Гилл постаралась улыбнуться как можно приветливее, но сердце сжималось от нехороших предчувствий. Ни по каким меркам нельзя назвать дружественным визит, если приводишь с собой десяток вооружённых охранников.
Уайтакер не ответила на улыбку. Высокая, подтянутая, энергичная, привыкшая отдавать приказы, она сменила обычный деловой костюм на чёрный с серебряной окантовкой китель, словно напоминая, что до того, как стать чиновником, была офицером космодесанта.
– Чем обязана столь неожиданному визиту?
Гилл понимала, что ещё немного и начнёт паниковать. Оглянулась на выбежавшую следом Клер. Та вся побелела, оказавшись в перекрестье враждебных взглядов. Нет, это слабая поддержка.

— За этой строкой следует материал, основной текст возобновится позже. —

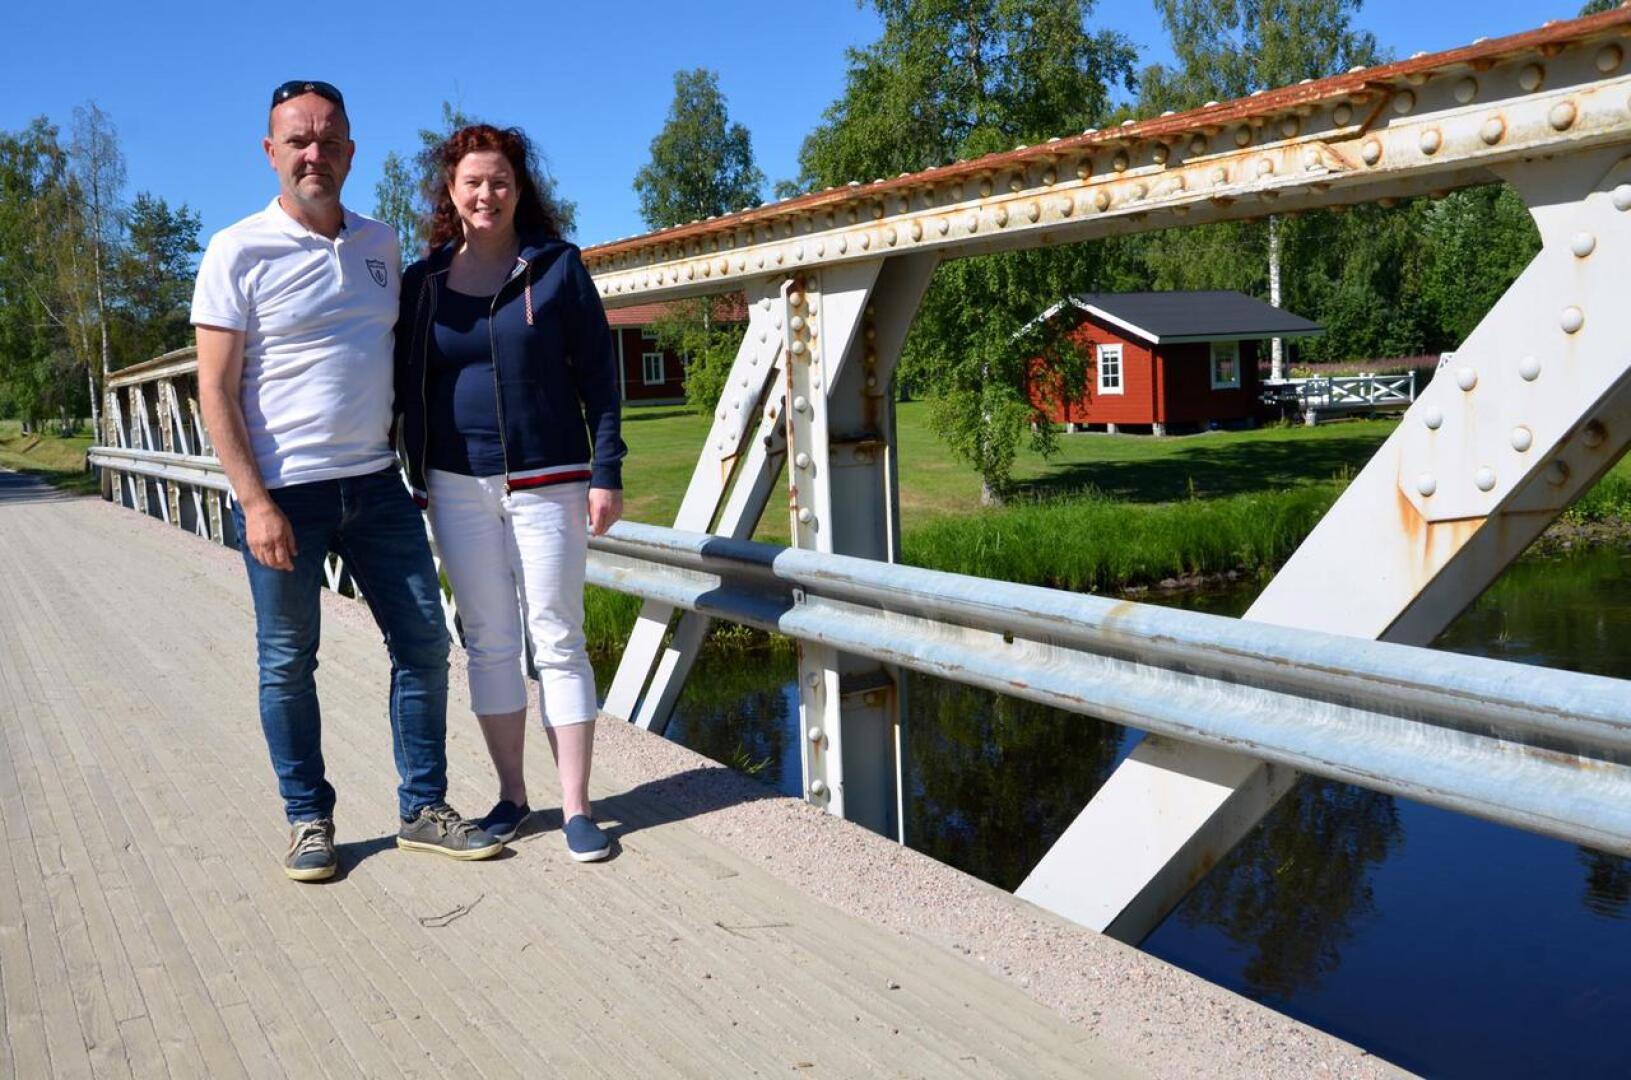 Mats Vidjeskog ja Susanne Witting-Vidjeskog järjestävät pohjalaistalonsa pihalla Allsång vid Forssas -tapahtuman, joka pidetään nyt viidettä kertaa peräkkäin. Esiintymislavana toimii saunan terassi.
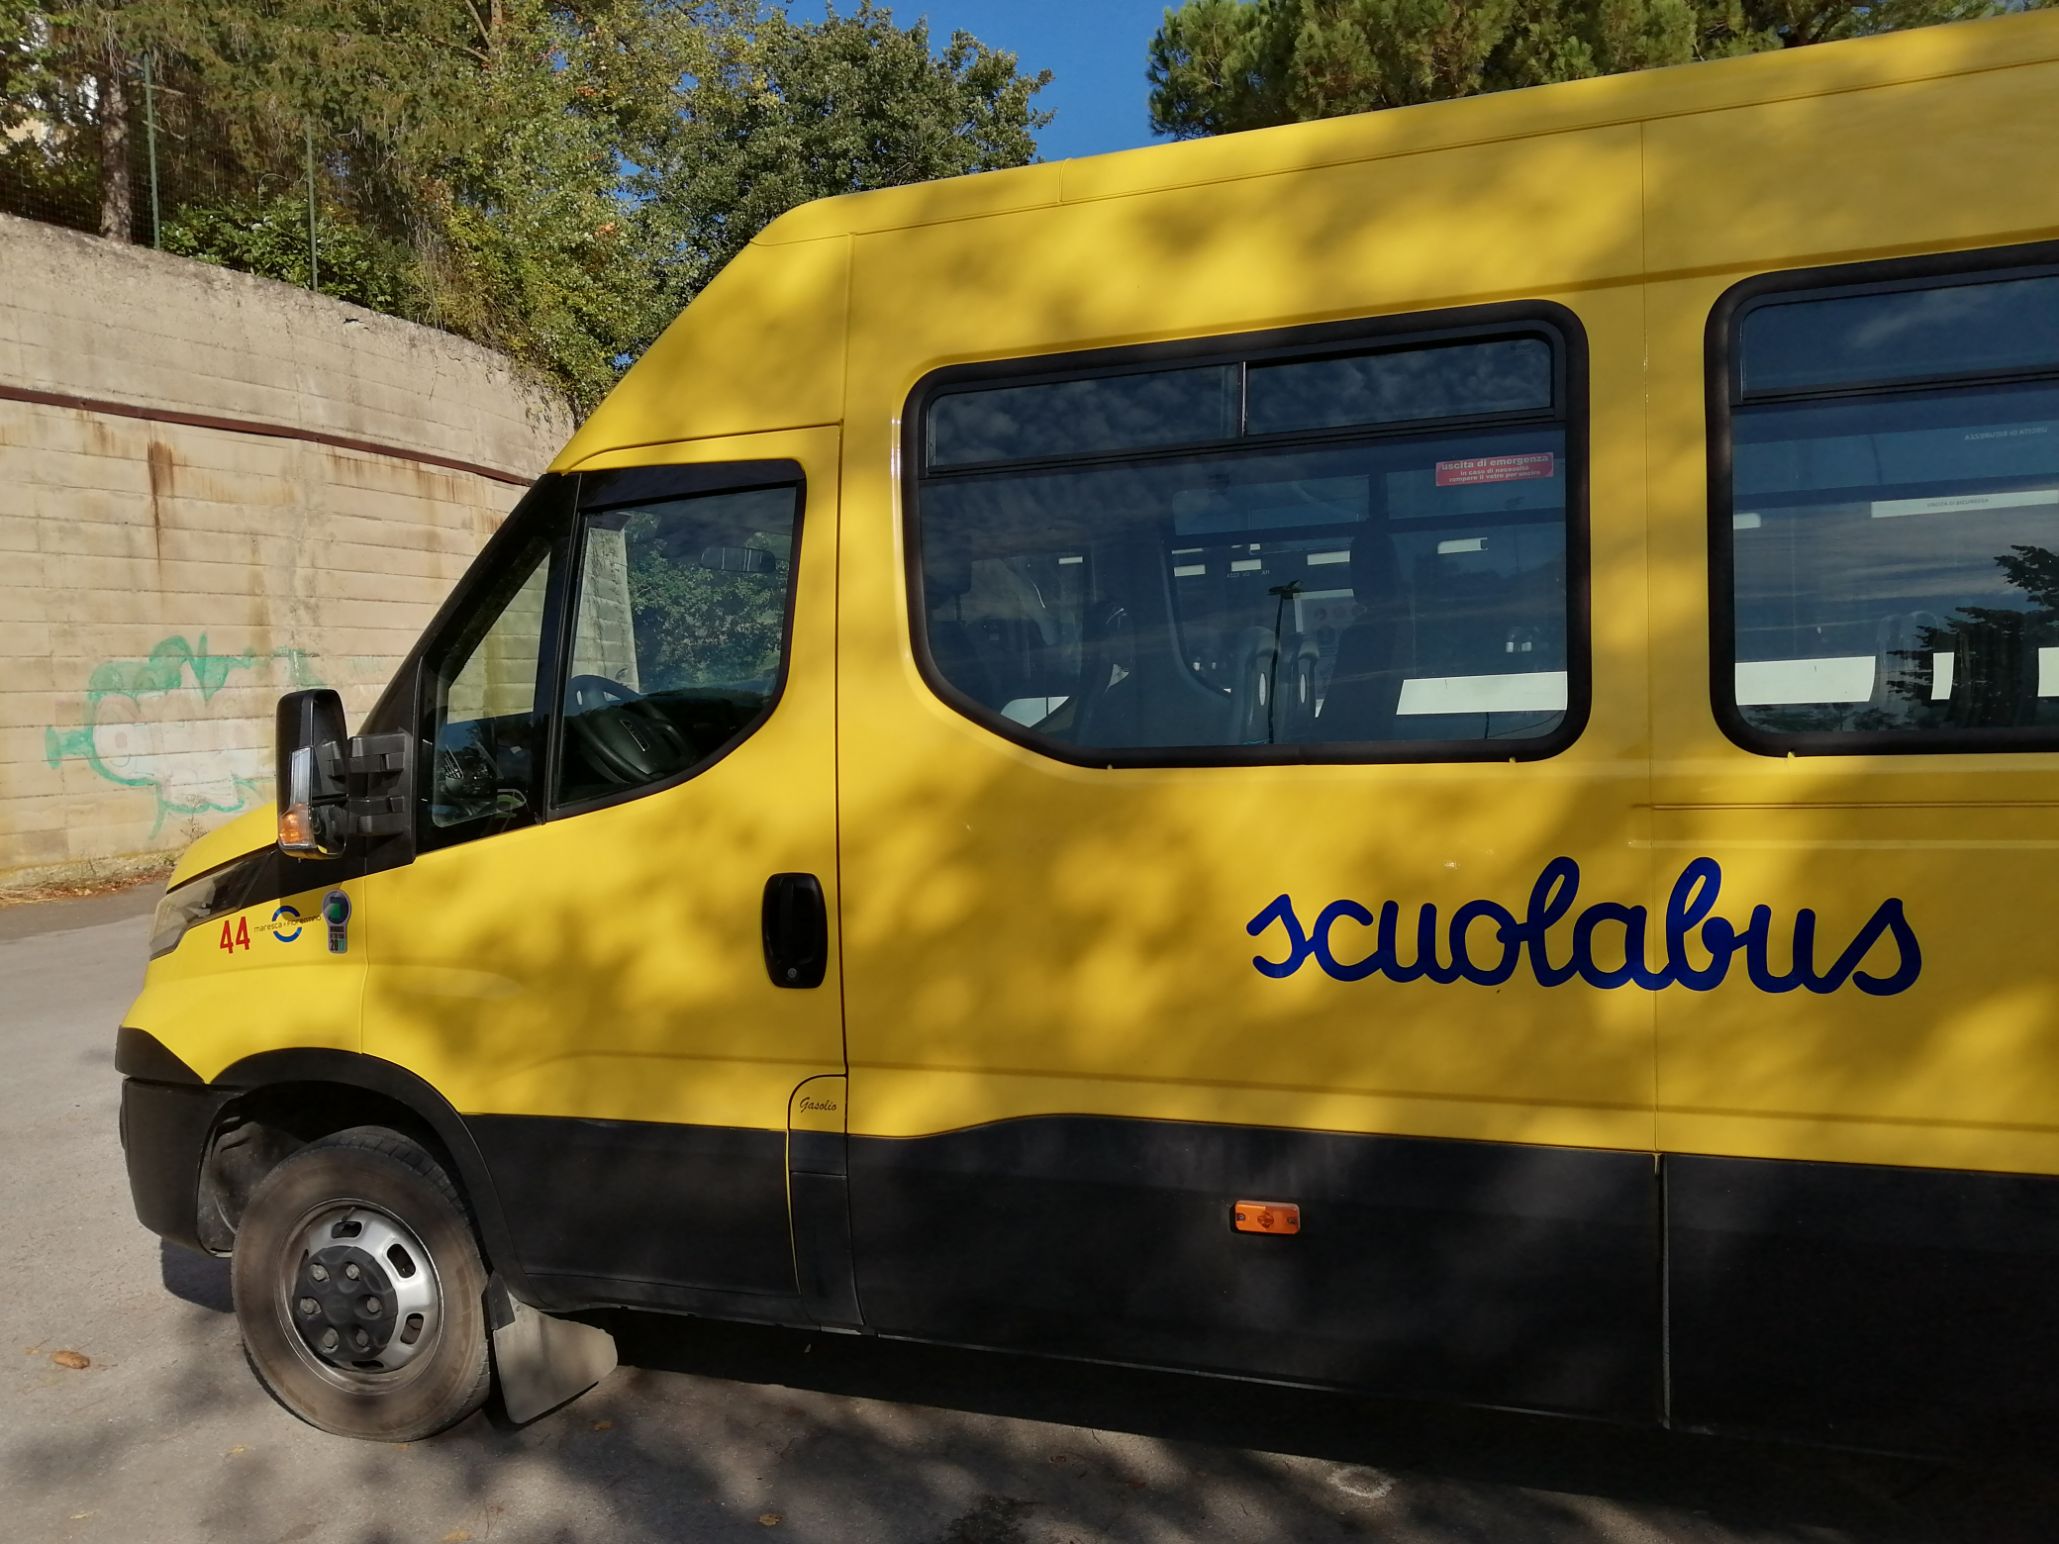 L’azienda gestisce il servizio scuolabus in 37 comuni tra Siena, Arezzo, Grosseto e Piombino

– Неожиданный? В самом деле? – Уайтакер смерила Нату взглядом. – Вы предполагали, что сможете бесконечно водить всех за нос?
– О чём вы?
Ната вновь нервно оббежала взглядом холл. Вооружённые люди у входных дверей, у коридоров, ведущих к экспериментальным боксам. Вот один обошёл сзади, вынуждая Холанд попятиться.
– Меня не удовлетворяют отчёты, предоставленные руководству института! – отчеканила Уайтакер. – Вызовите сюда весь персонал. Немедленно.
– Сюда? Будет тесно.
– Потерпим.
Гилл пожала плечами, подошла к пульту внутренней связи, коснулась сенсора общего оповещения. Распорядилась:
– Всем сотрудникам немедленно прибыть в холл!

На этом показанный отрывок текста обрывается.